Tom Adelstein writes: "I co-authored a book called Exploring the JDS Linux Desktop. Before we began drafting the outline, we made several visits with the directors of that project. We practically lived with Sun people for nine months. We organized a community, put up a web site, haunted the Sun JDS forum providing free support for people who bought the product.

"We put together a team of Linux veterans, researched the market, brought qualified enterprise prospects to the table, did a white paper for their sales group, recruited Linux engineers to work on the beta, etc. The director of engineering for JDS kept asking us to build backports for them. So, we built approximately 100 RPMS for their version of Linux and made them downloadable on our community web site. "

To help defer Tom's and his team's expenses and pay developers, the director of engineering offered to contract with them for a number of initatives including building a JDS 3 LiveCD. But, they never saw a statement of work. Sun didn't even keep their promise to purchase and ship the book Tom and Sam Hiser wrote for Sun's employees and/or customers.



The New Sun



For a couple of years, the media had a feeding frenzy with Sun. We didn't see many kind words in the press about the once dominant server maker. Questions arose like: "What kind of a company offers a product and doesn't support it?" or "How do they claim to have the first alternative to Windows in fifteen years while their President routinely criticizes Linux, the GPL, open-source, Linux fanatics?" or How about the times he fired the developers working on the Linux project and moved the remainder to the OpenSolaris project?"

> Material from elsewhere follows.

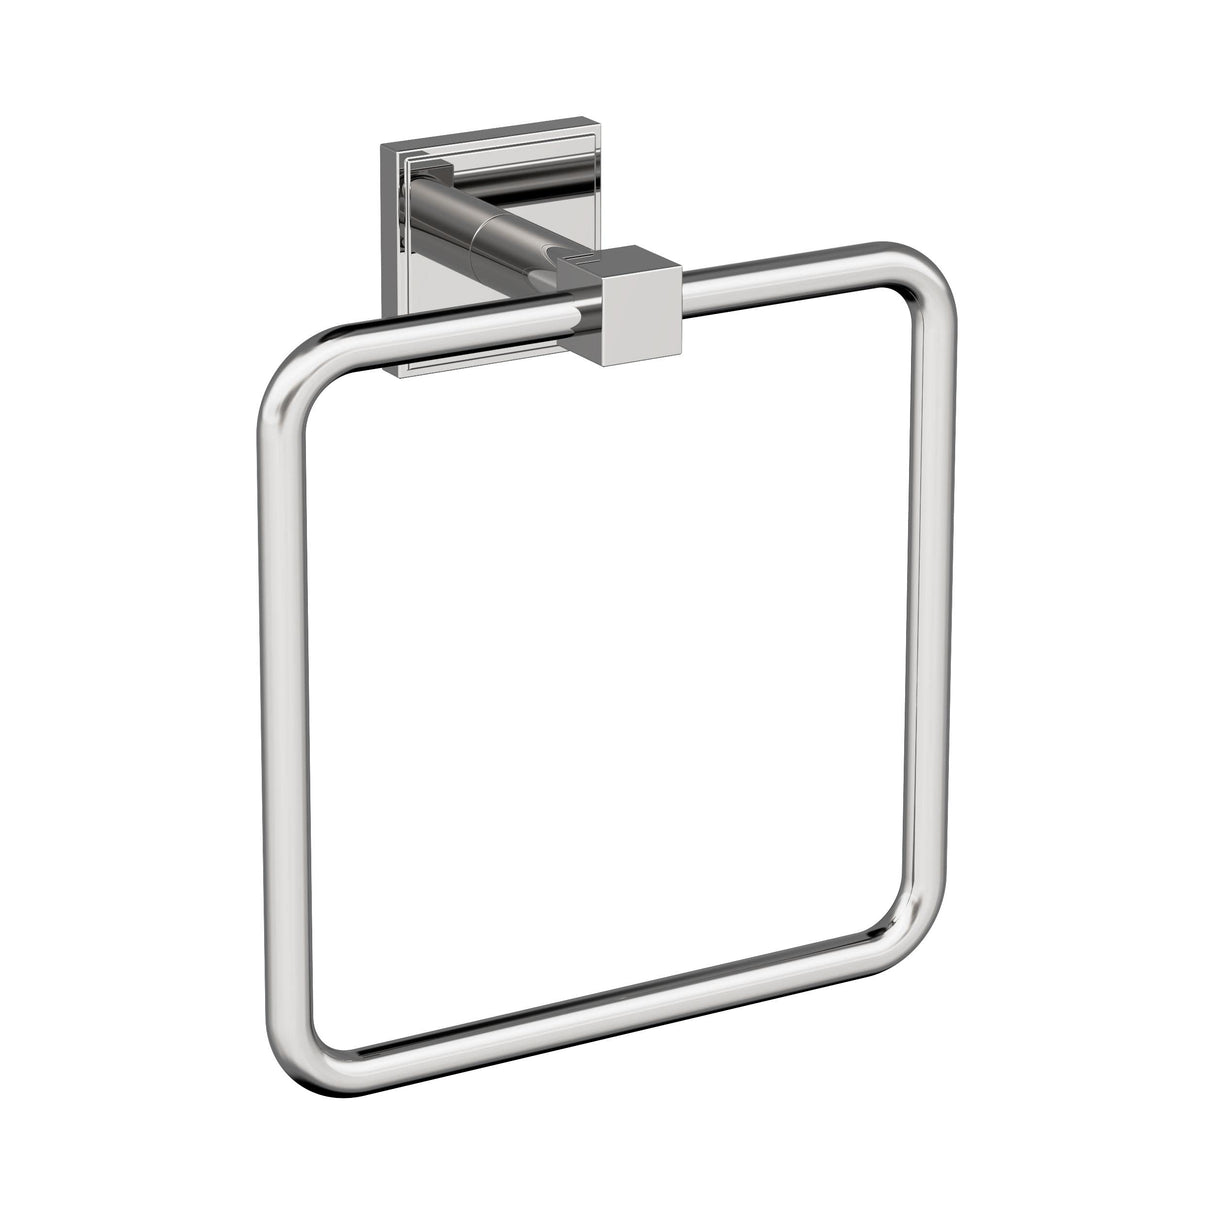 Amerock BH3607226 Chrome Towel Ring 7-1/16 in (179 mm) Length Towel Holder Appoint Hand Towel Holder for Bathroom Wall Small Kitchen Towel Holder Bath Accessories
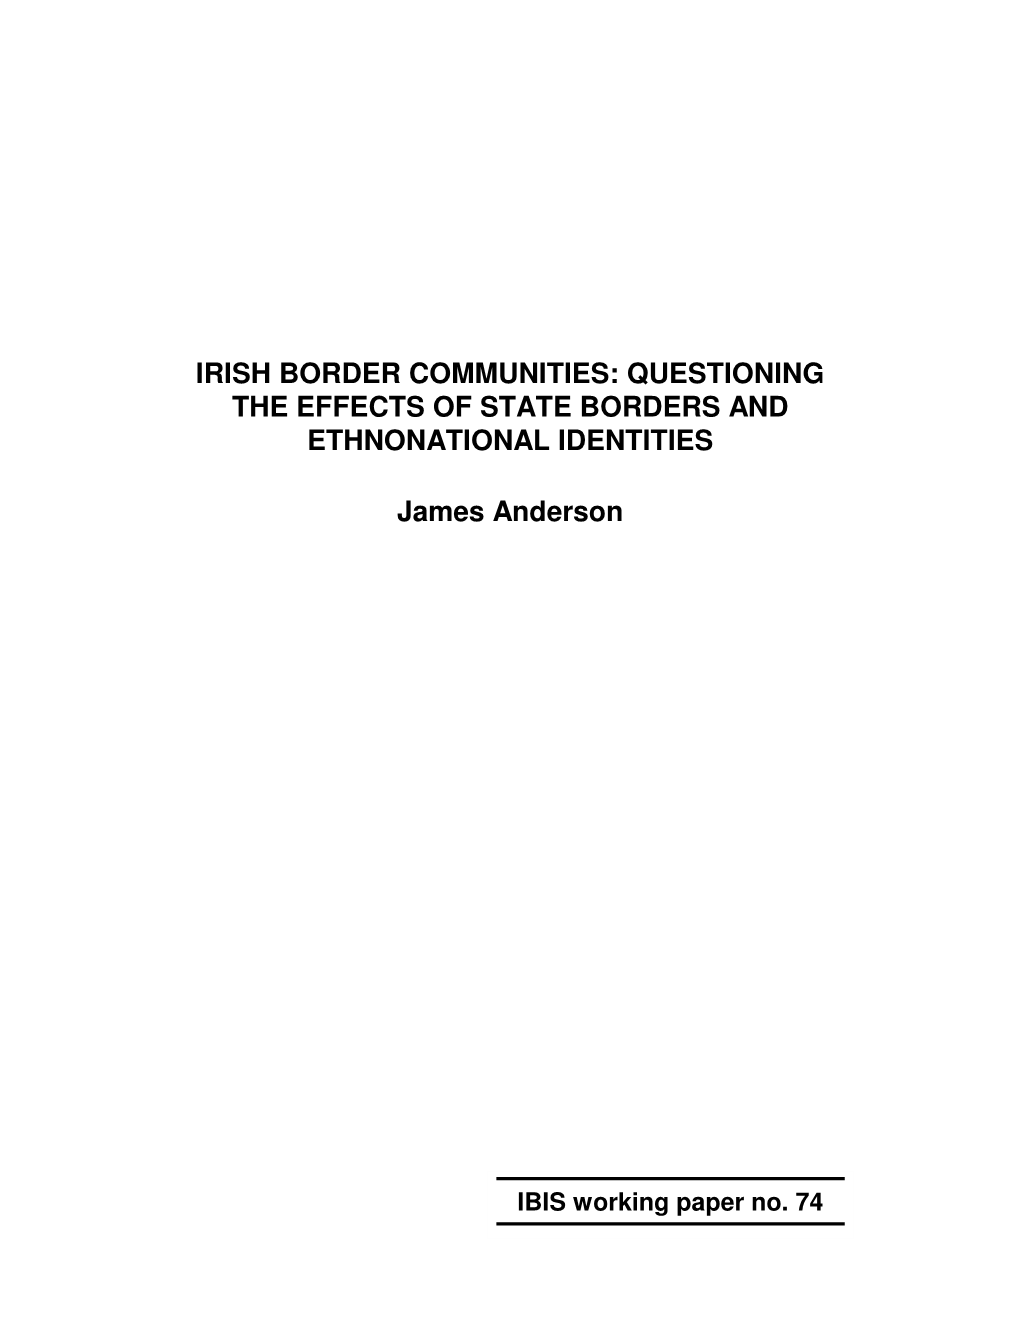 Irish Border Communities: Questioning the Effects of State Borders and Ethnonational Identities

Sun slated the release and upgrade of version 3 of the JDS Linux project for last February 2005. They couldn't release it then because it did not work very well. Many Linux veterans bought into Sun's articulated vision of the Linux desktop and devoted time to betas and re-betas. In fact, without those Linux veterans, we wonder how Sun would have known how to fix all their development failures.



Tom's contacts at Sun told him that the company would offer two products, a JDS Linux distribution and a Solaris distribution. But when Sun finally released its OpenSolaris code, their development team started a "holy war" declaring they would destroy Linux. A few encounters on that project and Tom resigned. If you have an interest in fanatics, he'll show you some vulger, profanity laced emails he received from OpenSolaris developers.



Freedom's Just Another Word for Nothing Left to Lose



Whatever happened to Sun's 200 million seat deployment with the Chinese Standard Software Company? We thought Scott McNealy said "check" to IBM and Microsoft with a pawn. That's what he claimed about his big deal in China.



If you want to find a way to characterize Sun as an organization, simply read their Press Releases. They contradict themselves often. First, their Chairman does a press event in a Penguin costume, then does another press event with his golfing pal, Steve Ballmer.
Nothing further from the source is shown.